Prerequisites are Python plus PyTorch basics, familiarity with transformer tokenization, and enough linear algebra to know what a dot product is. The sandbox is a real NVIDIA GPU pod we provision per session with BGE, the generator model, tokenizers, and CUDA preinstalled. Checks are strict about correctness — L2-normalized embeddings (unit norm within 1e-3), passage vectors on GPU with dimensions matching the chunk count, top-K ordering descending with the top-1 for a Llama-3-tokens query actually retrieving a relevant chunk, and the final answer grader failing if rag_answer == no_rag_answer. Once you have this baseline working, the Advanced RAG lab adds BM25, Reciprocal Rank Fusion for hybrid search, and cross-encoder reranking on top.

Frequently asked questions

Why use CLS pooling with BGE instead of mean pooling?

BGE was trained with a dedicated CLS objective — the [CLS] token's final hidden state is what the contrastive loss shaped into a sentence embedding. Mean pooling over all token states is common for other encoders (sentence-BERT's bert-base-nli variants use it), but for BGE specifically it underperforms because those token states weren't optimized for pooling. Always check the model card: swapping pooling strategies between encoders is one of the silent ways to ship a subtly broken retriever.

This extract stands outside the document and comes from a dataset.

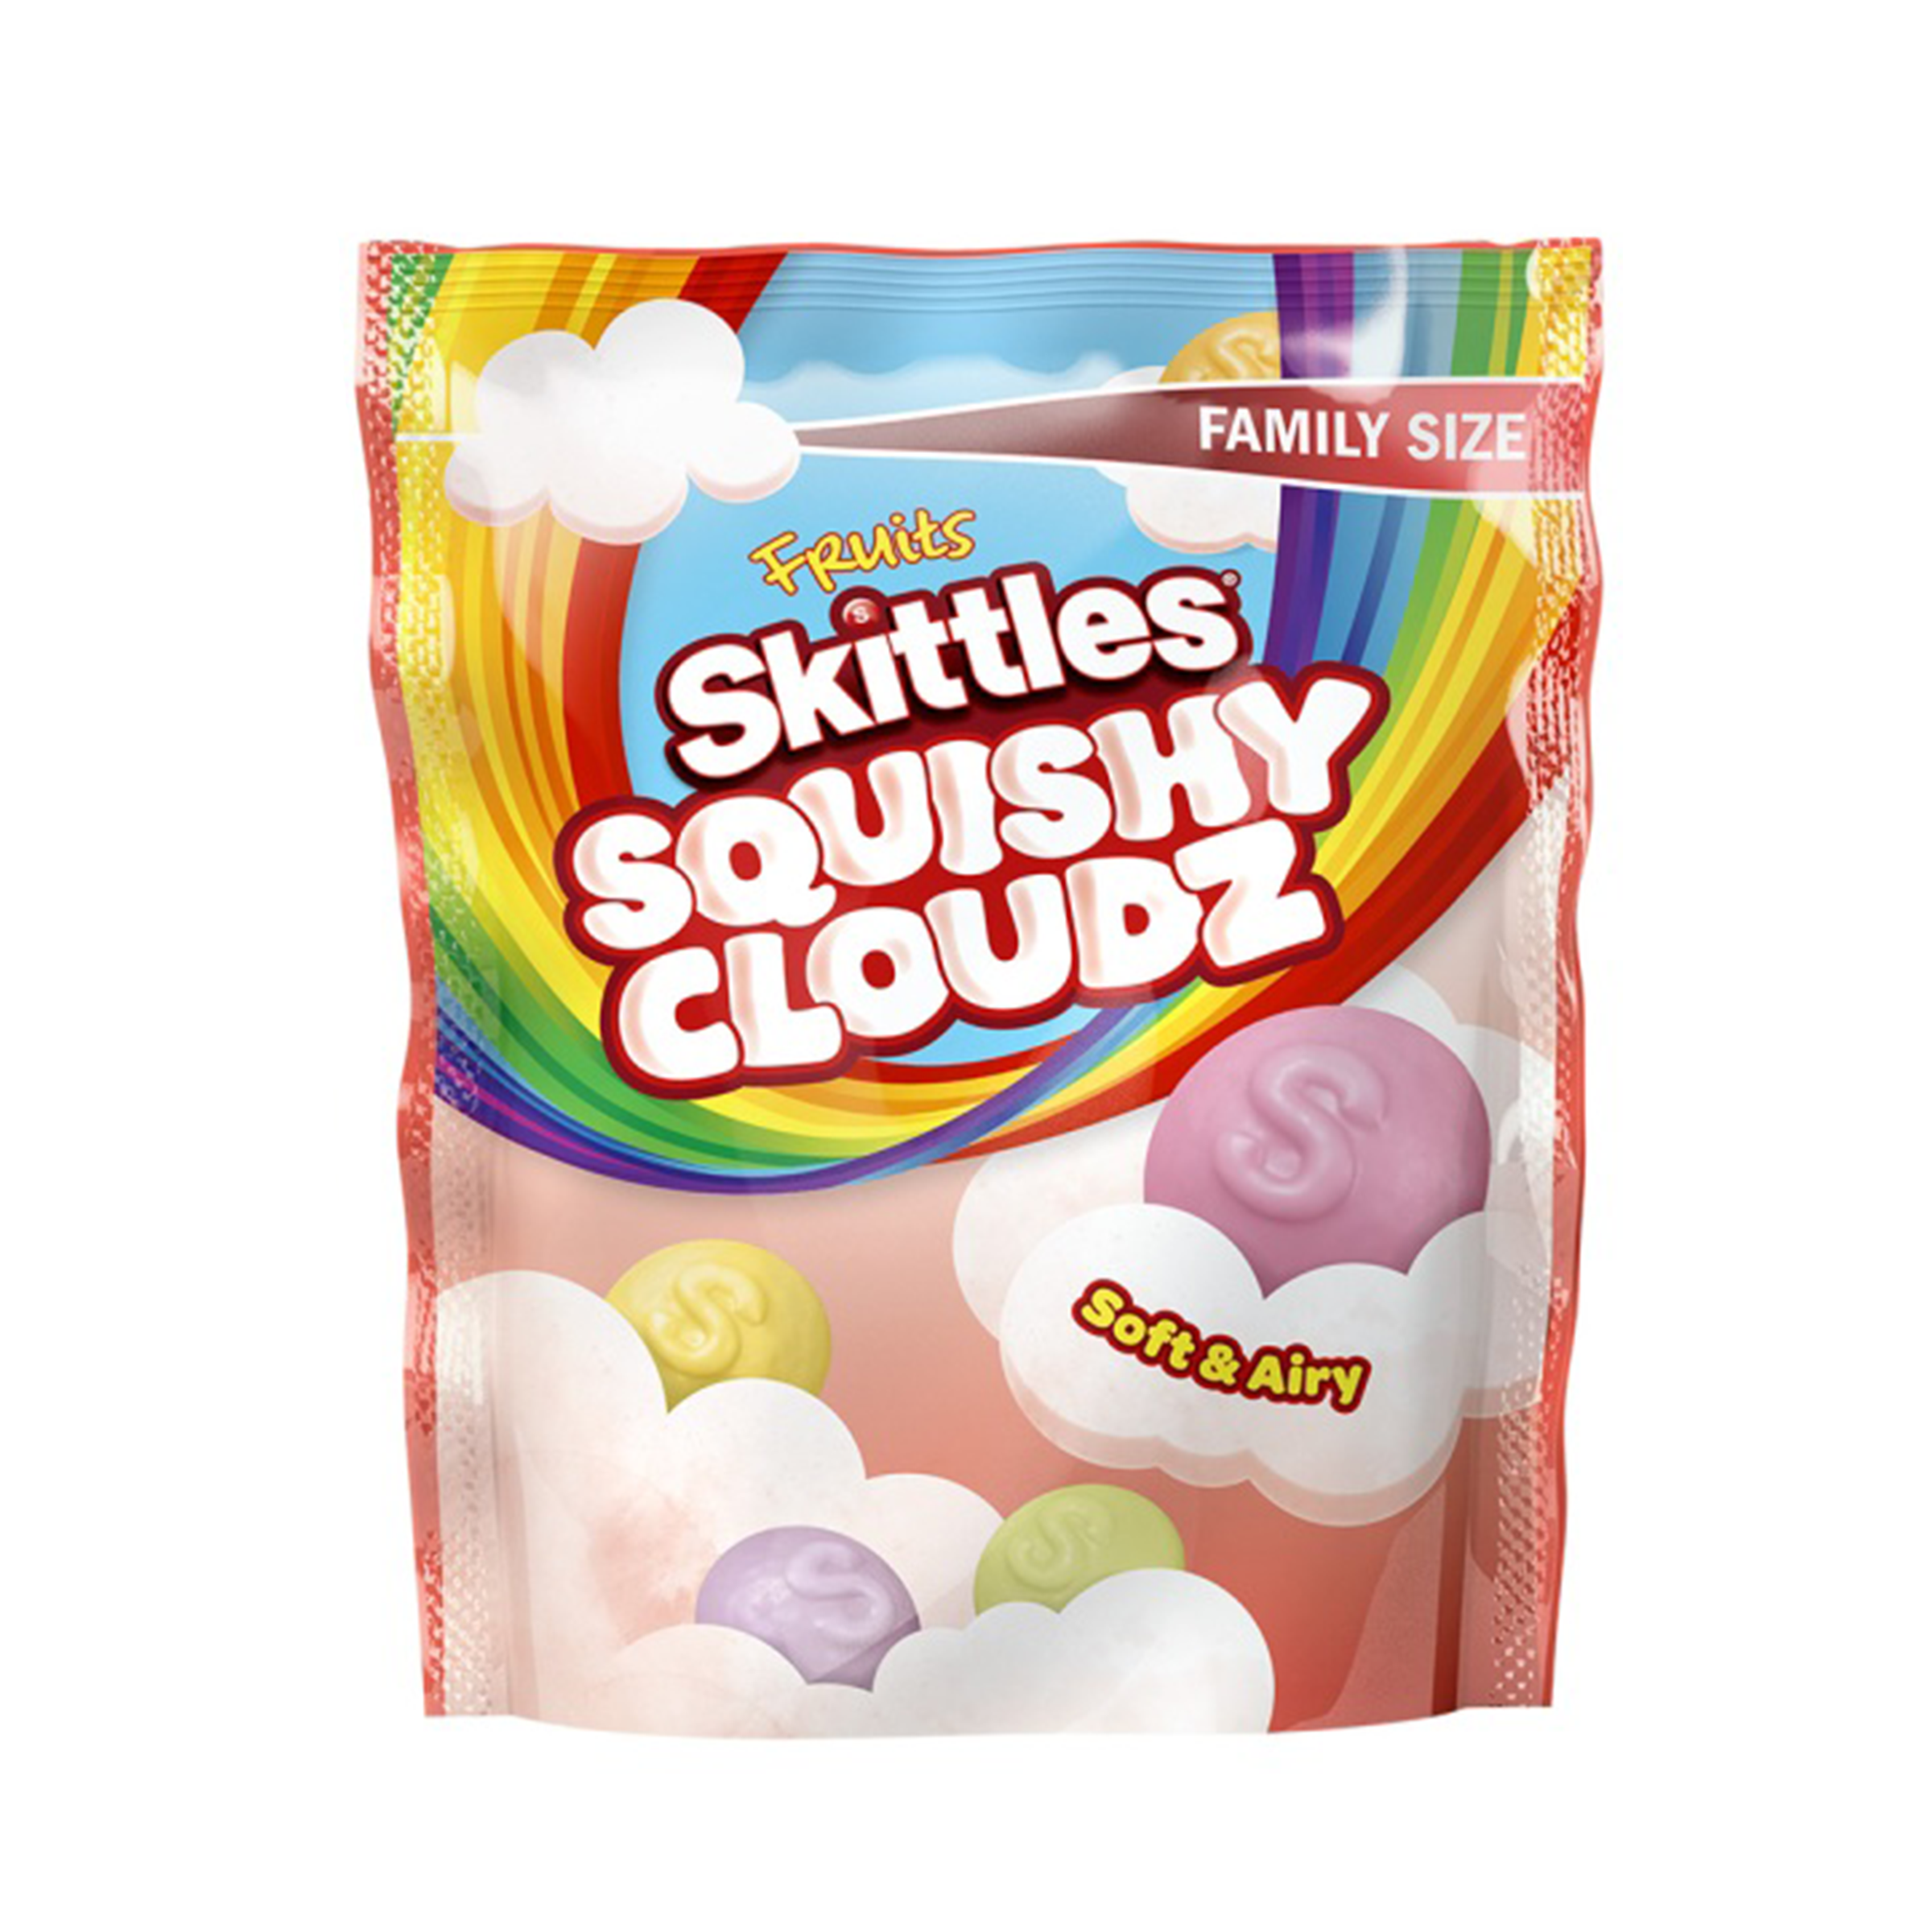 Skittles Squishy Cloudz - UK
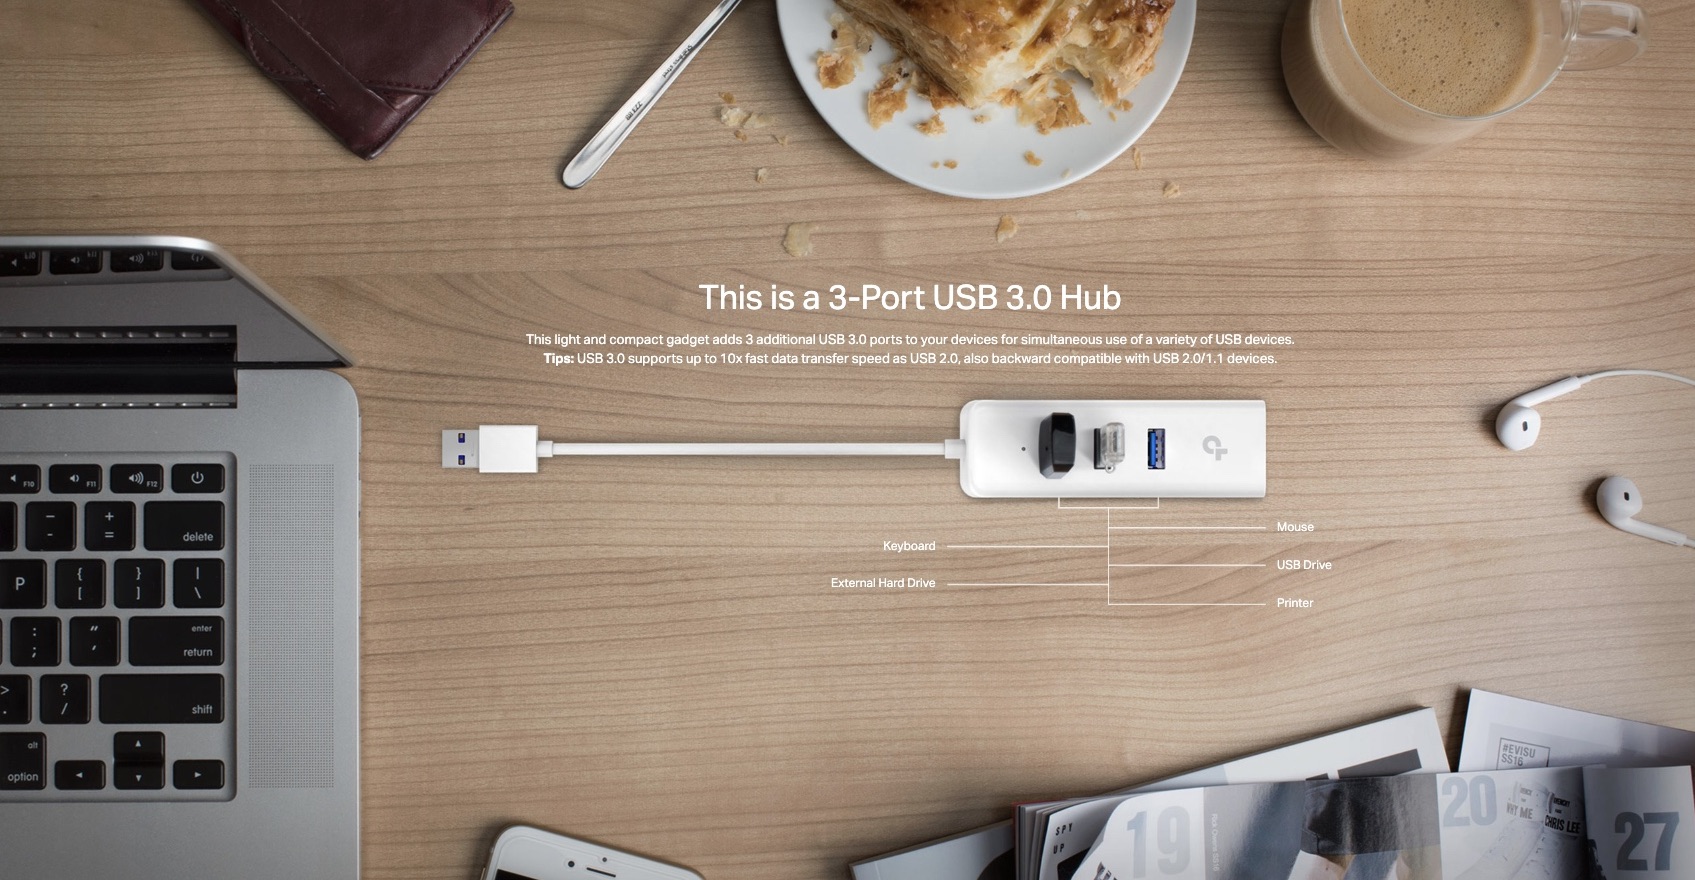 TP-Link-UE330-USB-3.0-3-Port-Hub-And-Gigabit-Ethernet-Adapter-2-in-1-USB-Adapter-Description-2

Why L2-normalize the embeddings before retrieval?

After normalization every vector has unit length, so a @ b.T produces values in [-1, 1] that equal cos(a, b) exactly. You get cosine similarity from a single matmul — no separate norm division, no numerical drift, and torch.topk sorts correctly on the raw scores. Skipping normalization doesn't break retrieval but forces you to divide by norms at query time and silently makes short passages look more similar than they should.

How is this lab different from the Advanced RAG lab?

This one is the end-to-end baseline: dense retrieval, top-K, generation with and without context — the minimum viable pipeline, focused on correctness and on showing you that retrieval actually changes the answer. Advanced RAG adds BM25, Reciprocal Rank Fusion for hybrid search, and a cross-encoder reranker on top — the two-stage retrieval pattern used in production enterprise RAG. Do this one first; take that one when you want to see where the recall and precision gaps come from.

Why does the lab not use a vector database like FAISS, Milvus, or pgvector?

Because the corpus fits in a single CUDA tensor, and at that scale a @ matmul is faster and clearer than any ANN index. You want to understand that retrieval is ultimately a distance computation over a matrix — then the vector databases, graph indices, quantization tricks, and sharding schemes that ship at production scale are recognizable as engineering optimizations over this exact primitive, not mysterious black boxes.

What happens if rag_answer equals no_rag_answer?

The grader fails Step 4 and tells you retrieval had no effect. The usual causes: the prompt template ignores the injected context (common with chat-formatted generators where the system message gets stripped), the top-K chunks didn't contain the answer so the model fell back to priors, or max_new_tokens is so low both answers are generic. The reflection step pushes you to separate these: chunker bug, embedder bug, retriever bug, or generator bug, each with a different fix.

Can I swap BGE for a different embedding model?

Yes, and it's an instructive exercise. Try intfloat/e5-small-v2 or sentence-transformers/all-MiniLM-L6-v2 and watch whether retrieval quality changes on your specific corpus. You'll need to match the pooling strategy to the model (E5 and BGE use CLS; MiniLM uses mean) and re-check that output vectors are L2-normalized. The pipeline code otherwise doesn't change, which is the whole point of treating the embedder as a pluggable component.